The Christchurch Convention Centre Precinct is located in Christchurch Central City, New Zealand. It includes the Te Pae Convention centre. The construction of the precinct was funded by the Crown as part of the Christchurch Central Recovery Plan following the 2011 Christchurch earthquake.

The precinct has an area of approximately .

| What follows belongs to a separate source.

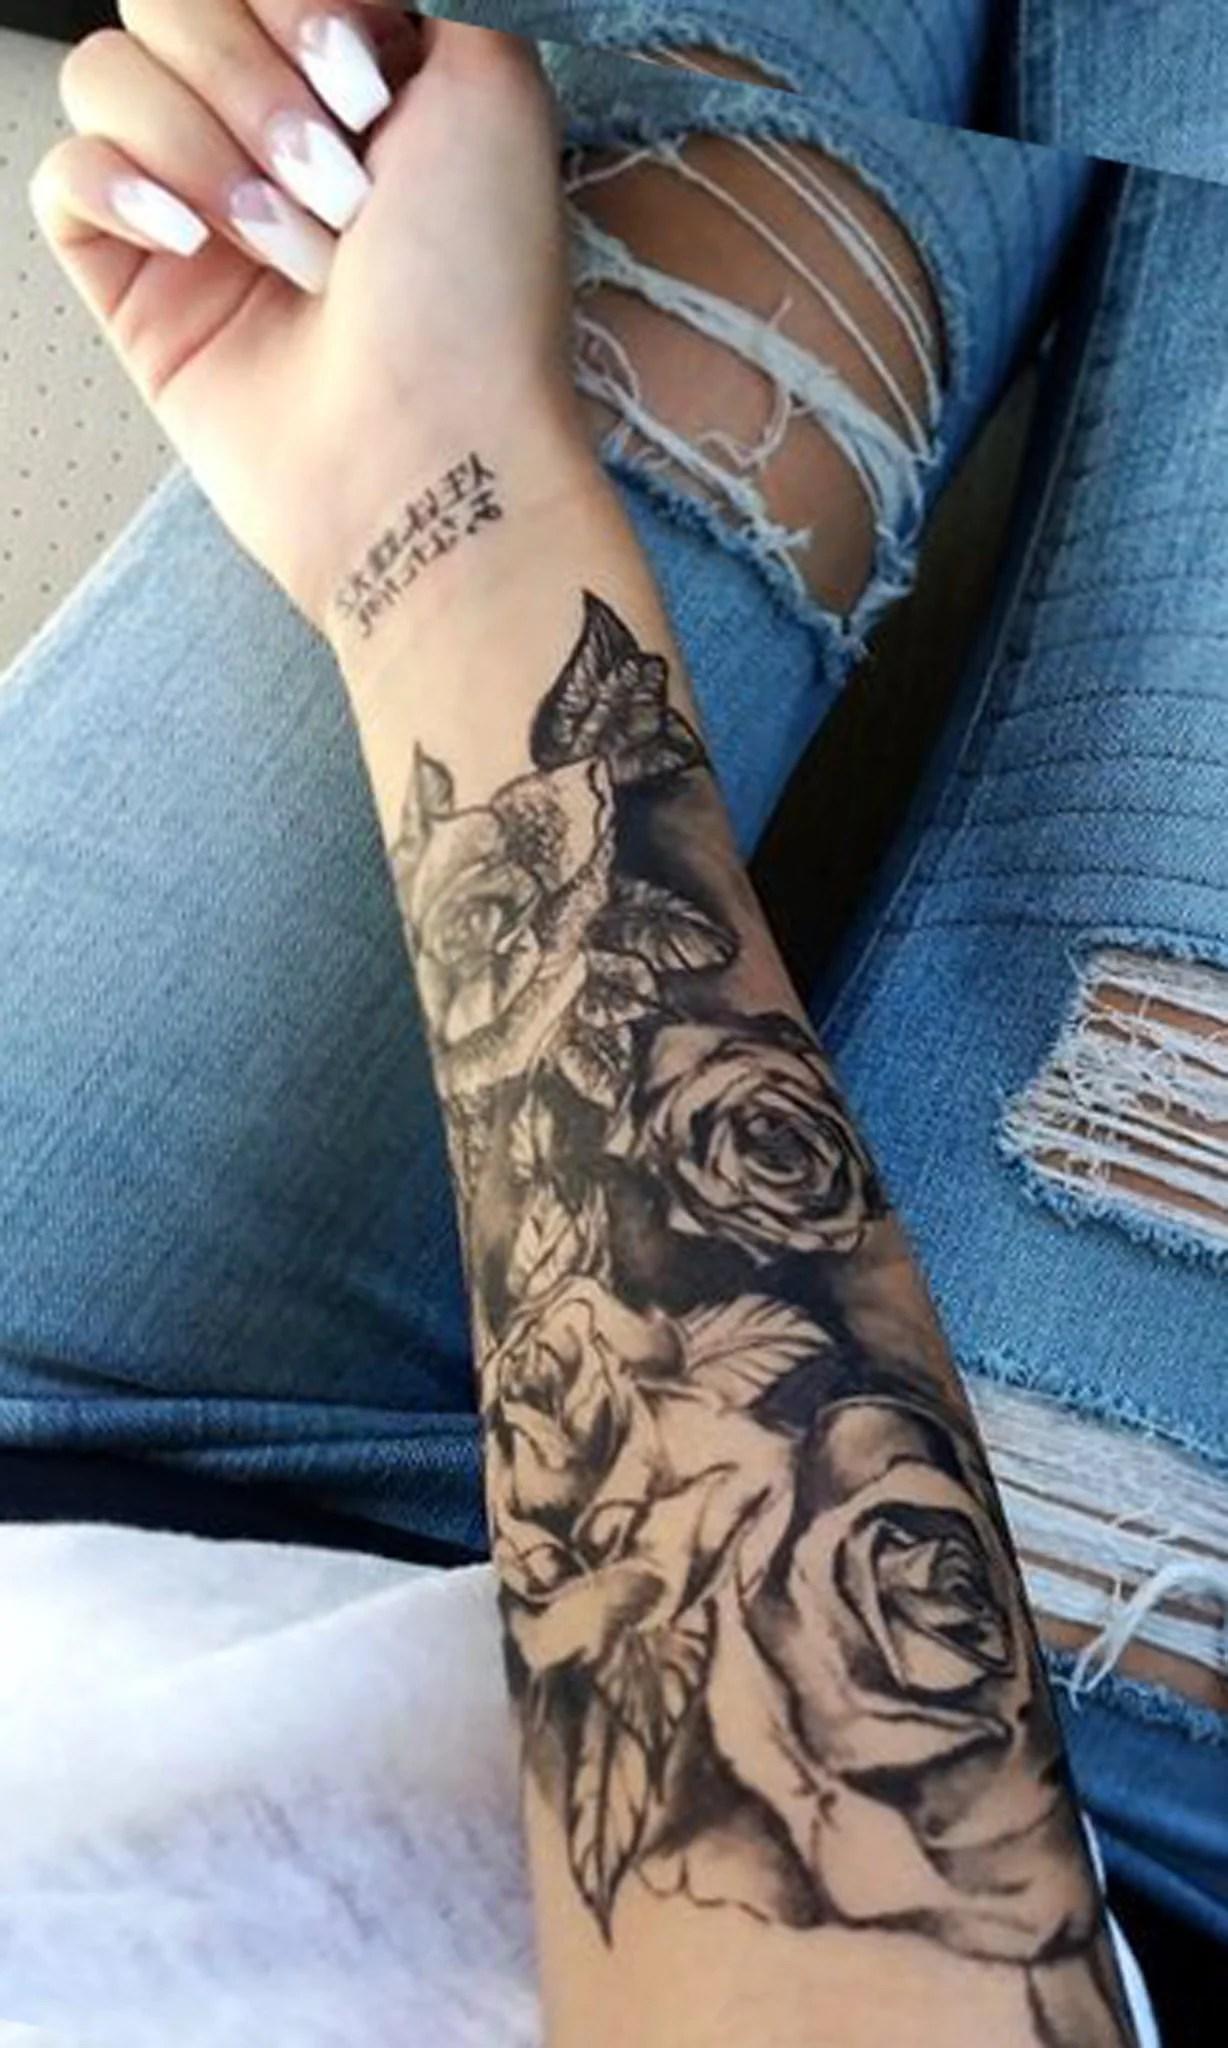 Womens Arm Tattoo Ideas : womens, tattoo, ideas, Tattoos, Women, Ideas, Gallery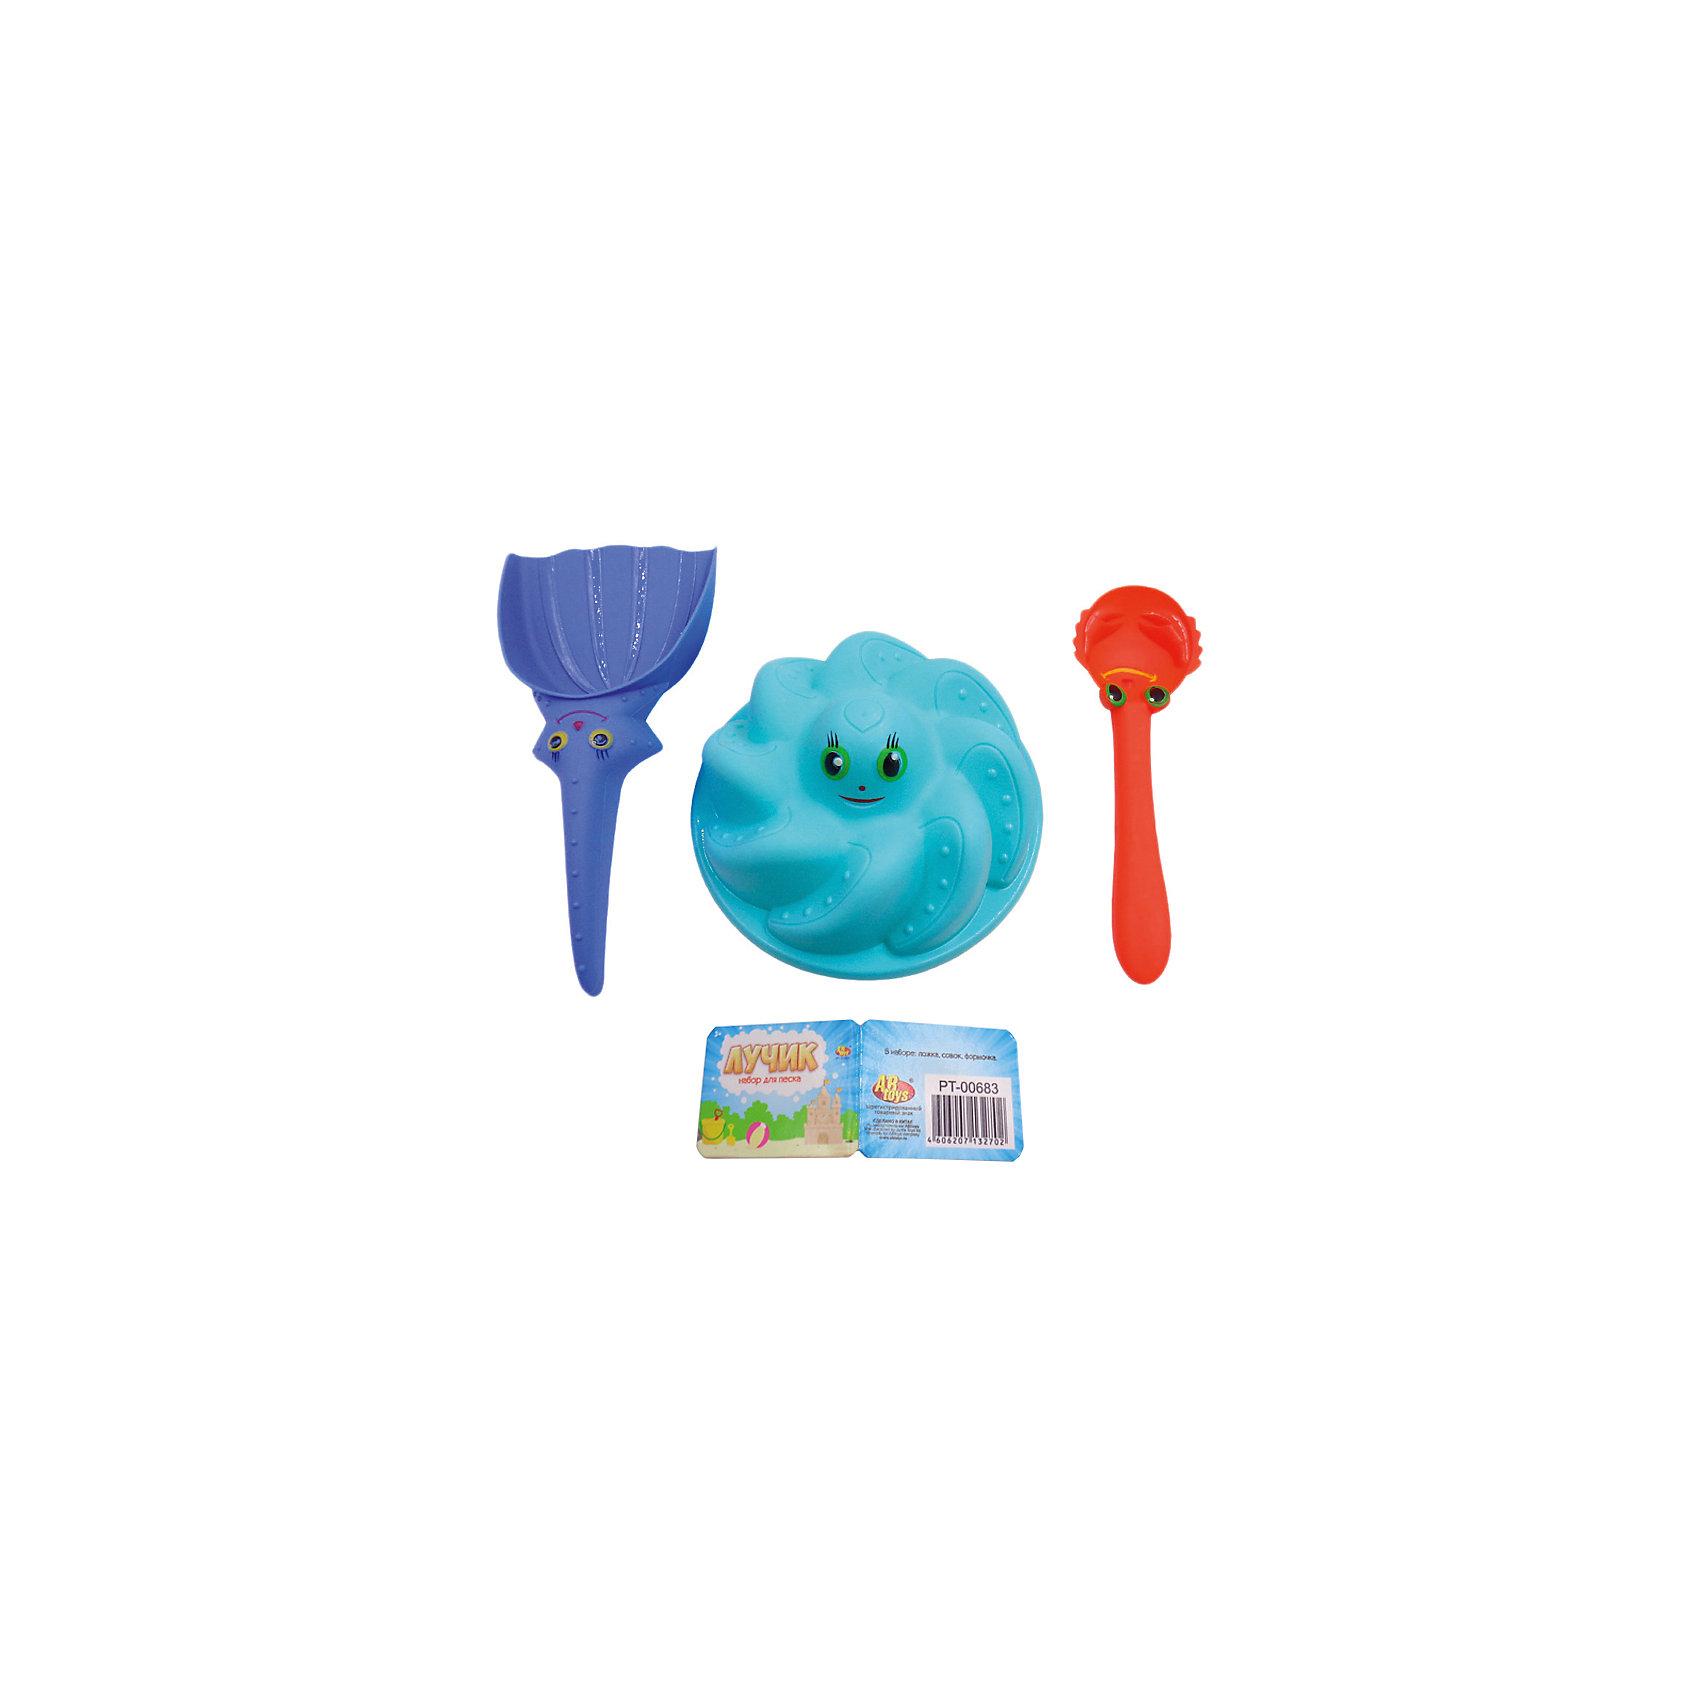 Набор для песка Лучик, 3 предмета, ABtoysИграем в песочнице<br>Набор для песка Лучик, 3 предмета, ABtoys (АБтойс)<br><br>Характеристики:<br><br>• в комплекте: формочка, лопатка, ложка<br>• материал: пластик<br>• размер упаковки: 18х19х6 см<br>• вес: 90 грамм<br><br>Набор Лучик пригодится малышу на пляже или в песочнице. Набор состоит из лопатки, формочки и ложки. Они изготовлены из прочного безопасного пластика и выполнены в виде морских животных. Малыш сможет построить целый замок для подводных обитателей.  Играть с веселыми зверушками еще веселее!<br><br>Набор для песка Лучик, 3 предмета, ABtoys (АБтойс) можно купить в нашем интернет-магазине.<br><br>Ширина мм: 180<br>Глубина мм: 190<br>Высота мм: 60<br>Вес г: 90<br>Возраст от месяцев: 36<br>Возраст до месяцев: 2147483647<br>Пол: Унисекс<br>Возраст: Детский<br>SKU: 5571432

Christchurch Convention Centre (Te Pae) 
Ōtākaro Ltd. opened the Te Pae convention centre on 17 December 2021, following several delays, primarily due to a delay in construction and commissioning caused by Covid-19 restrictions as the original date was supposed to be in 2017. At a price of $450 million NZD, it came in slightly under budget.

Facilities and design 
Te Pae was designed by Woods Bagot & Warren and Mahoney.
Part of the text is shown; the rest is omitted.